Below, locate the line that contains "I 3533 44 In.". Repeat exactly from that line to the line that contains "Poly USA 8238", inclusive, leaving out the pictures.

------ Dataset

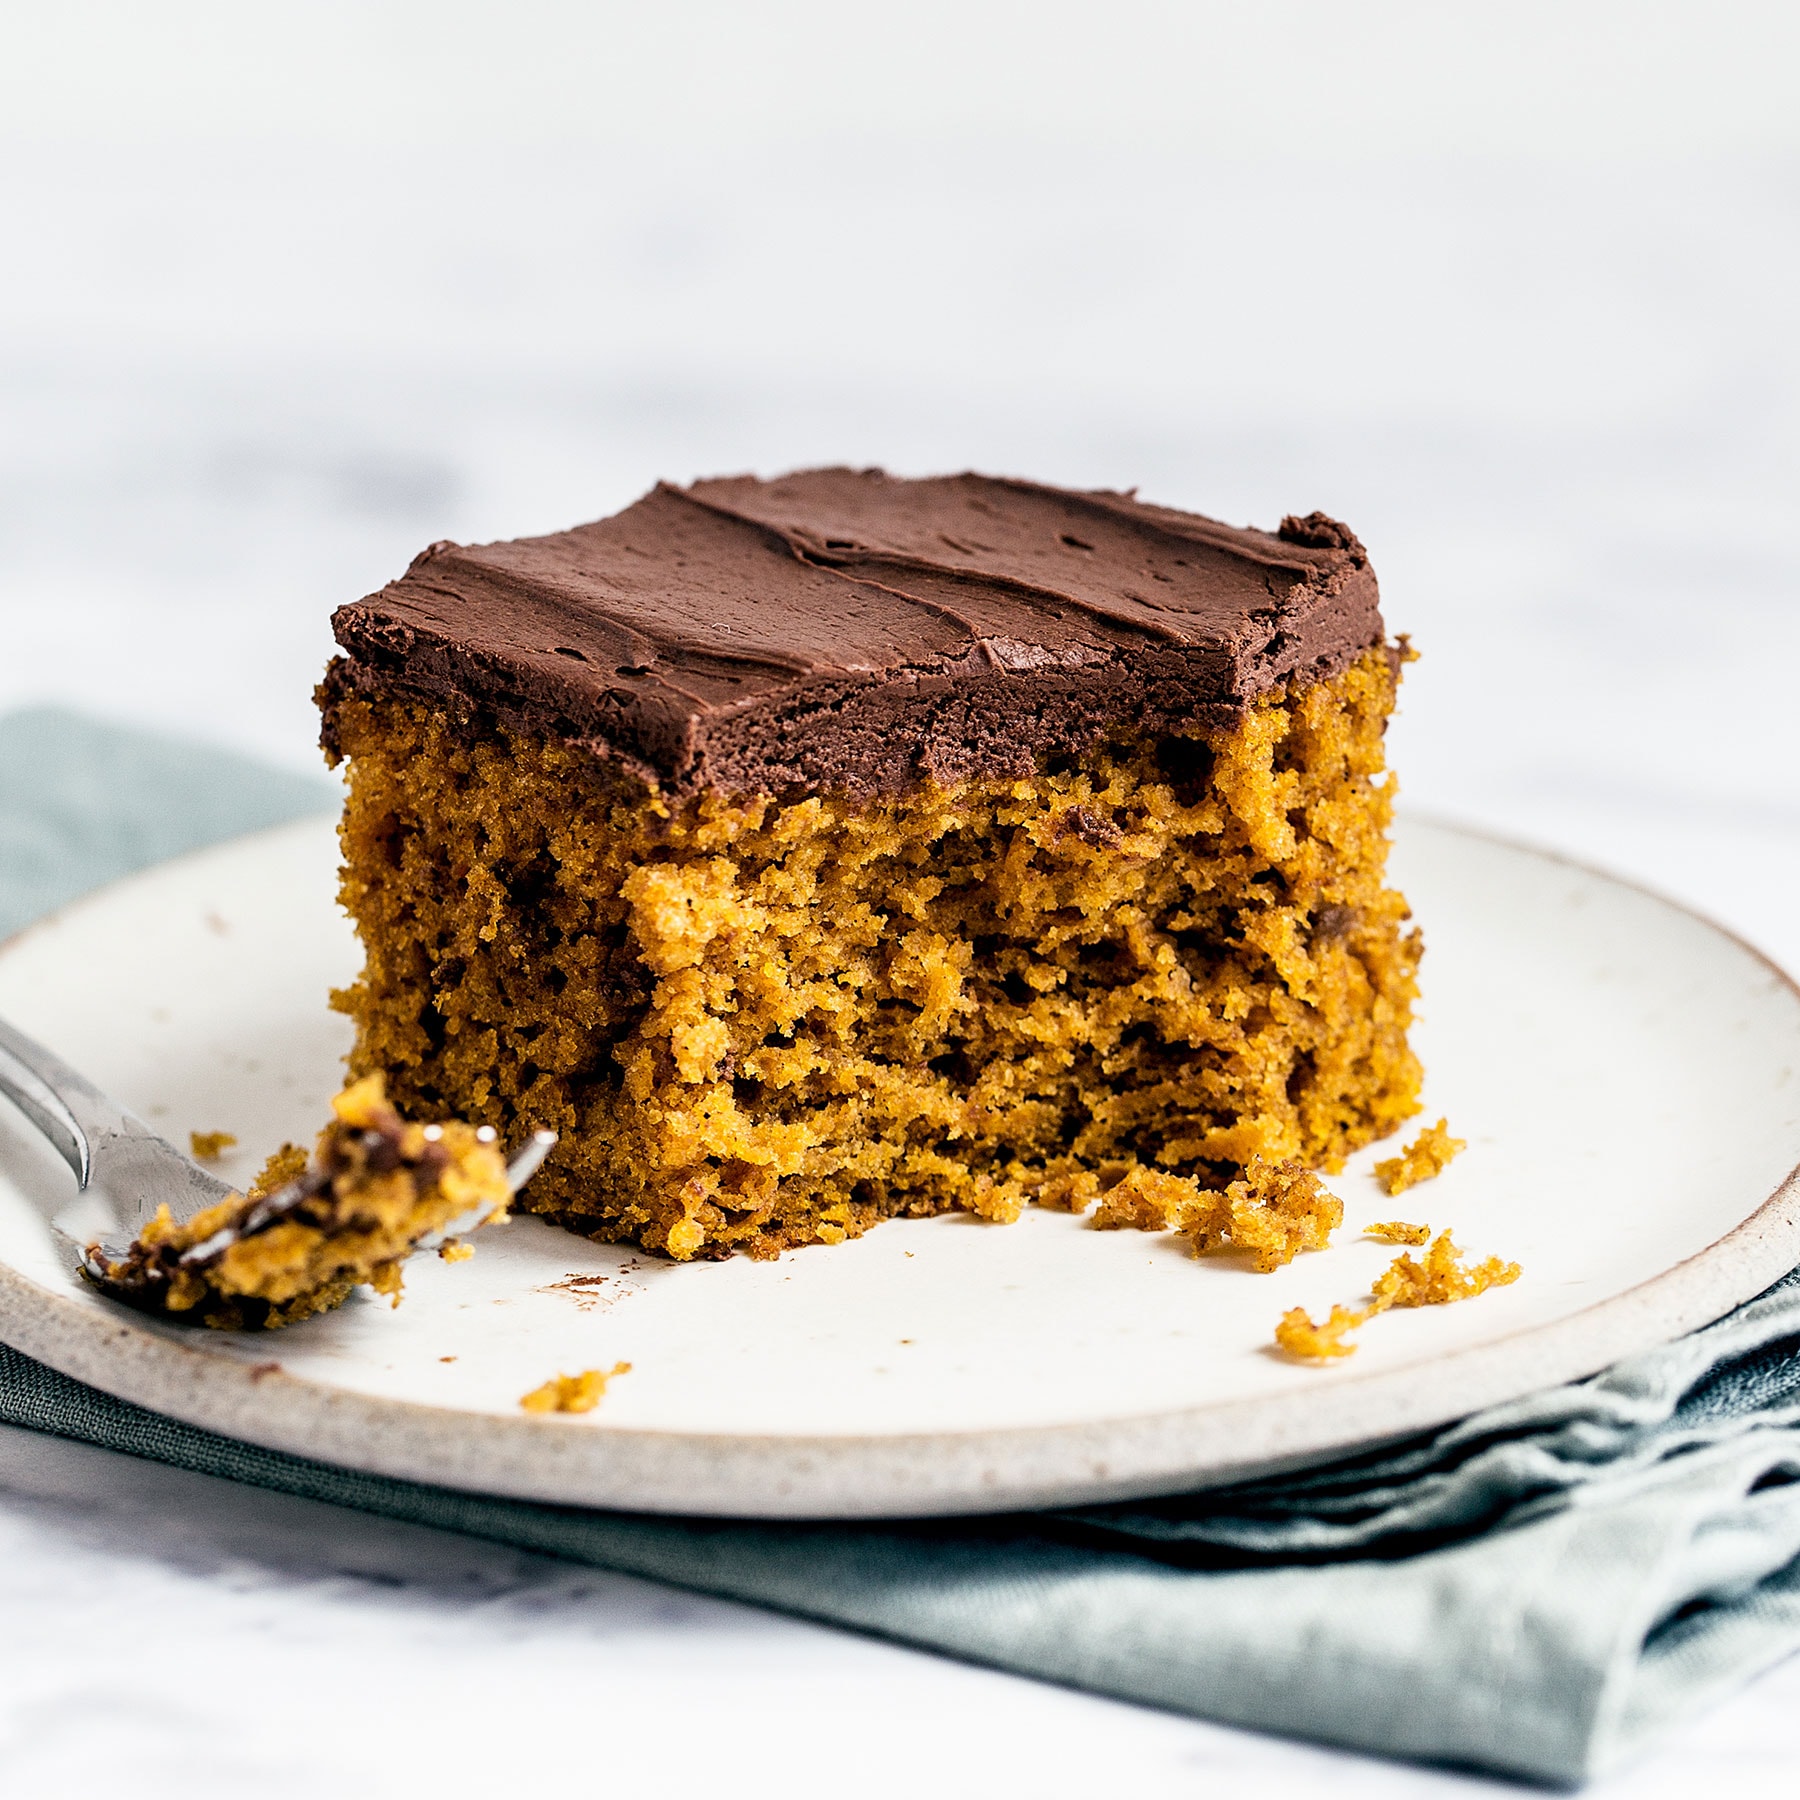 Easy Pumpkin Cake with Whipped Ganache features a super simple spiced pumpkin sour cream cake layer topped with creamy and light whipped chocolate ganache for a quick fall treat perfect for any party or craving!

------------
------ Dataset

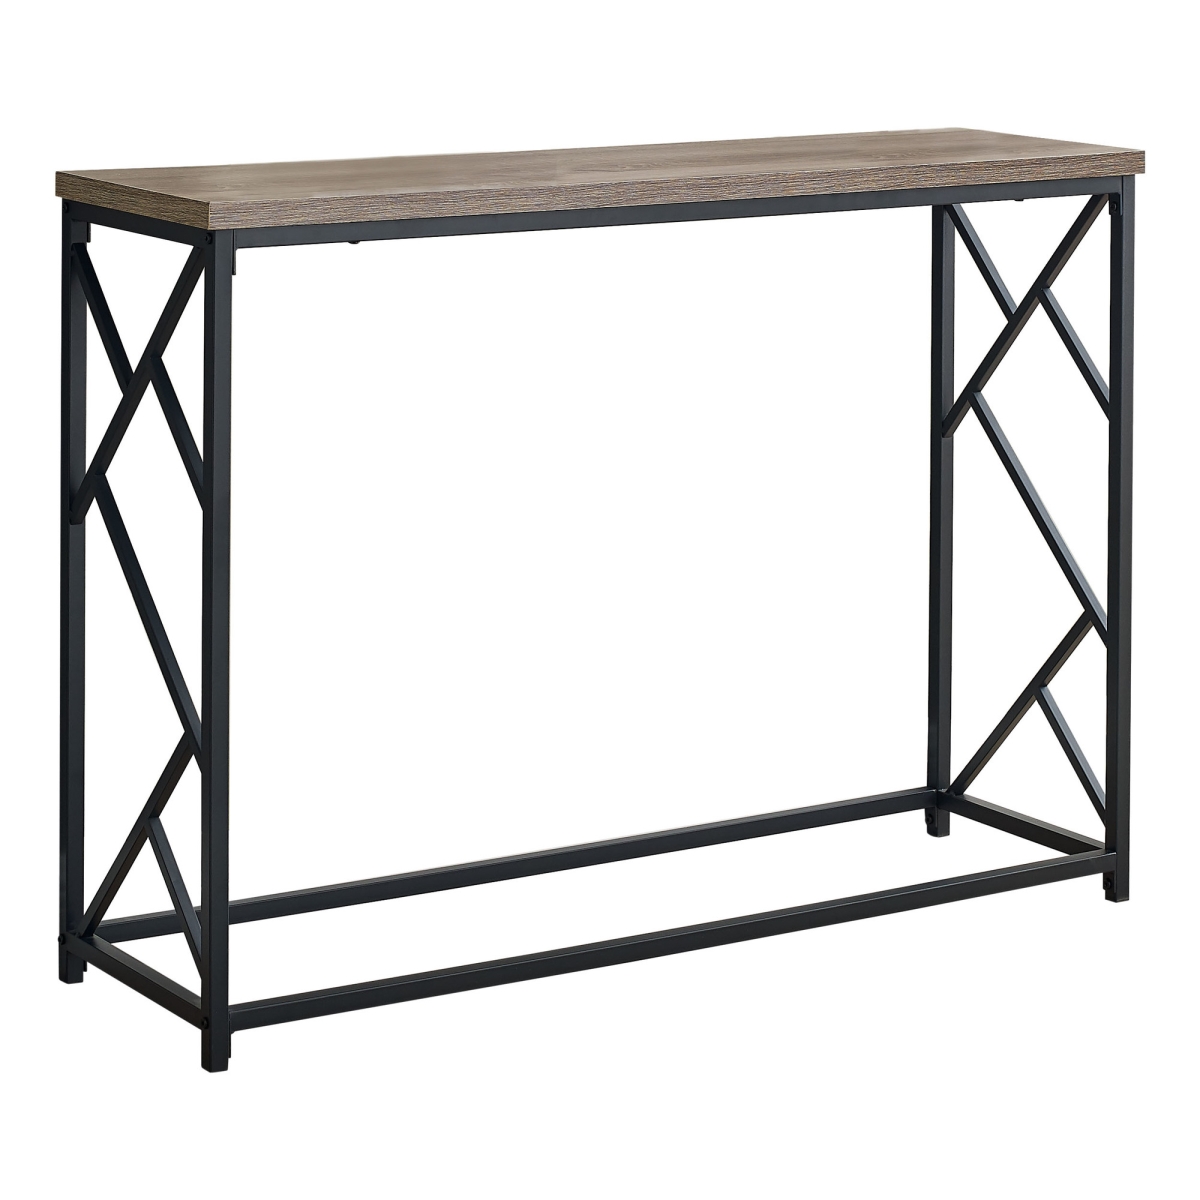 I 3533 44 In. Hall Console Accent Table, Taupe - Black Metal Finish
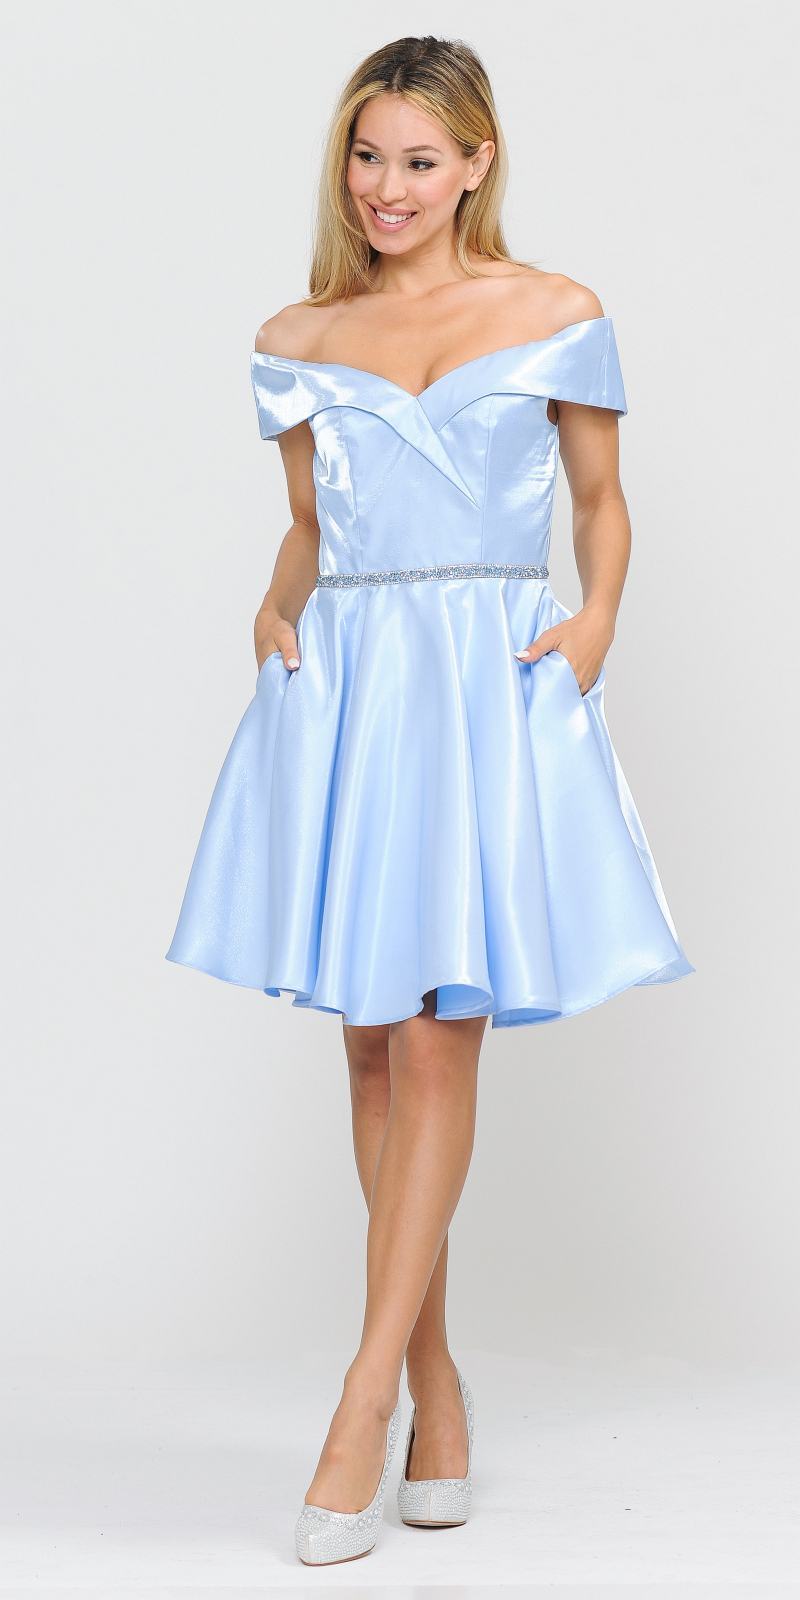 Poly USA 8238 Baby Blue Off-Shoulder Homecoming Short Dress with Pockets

------------

» **Answer box**:
 I 3533 44 In. Hall Console Accent Table, Taupe - Black Metal Finish
 Poly USA 8238 Baby Blue Off-Shoulder Homecoming Short Dress with Pockets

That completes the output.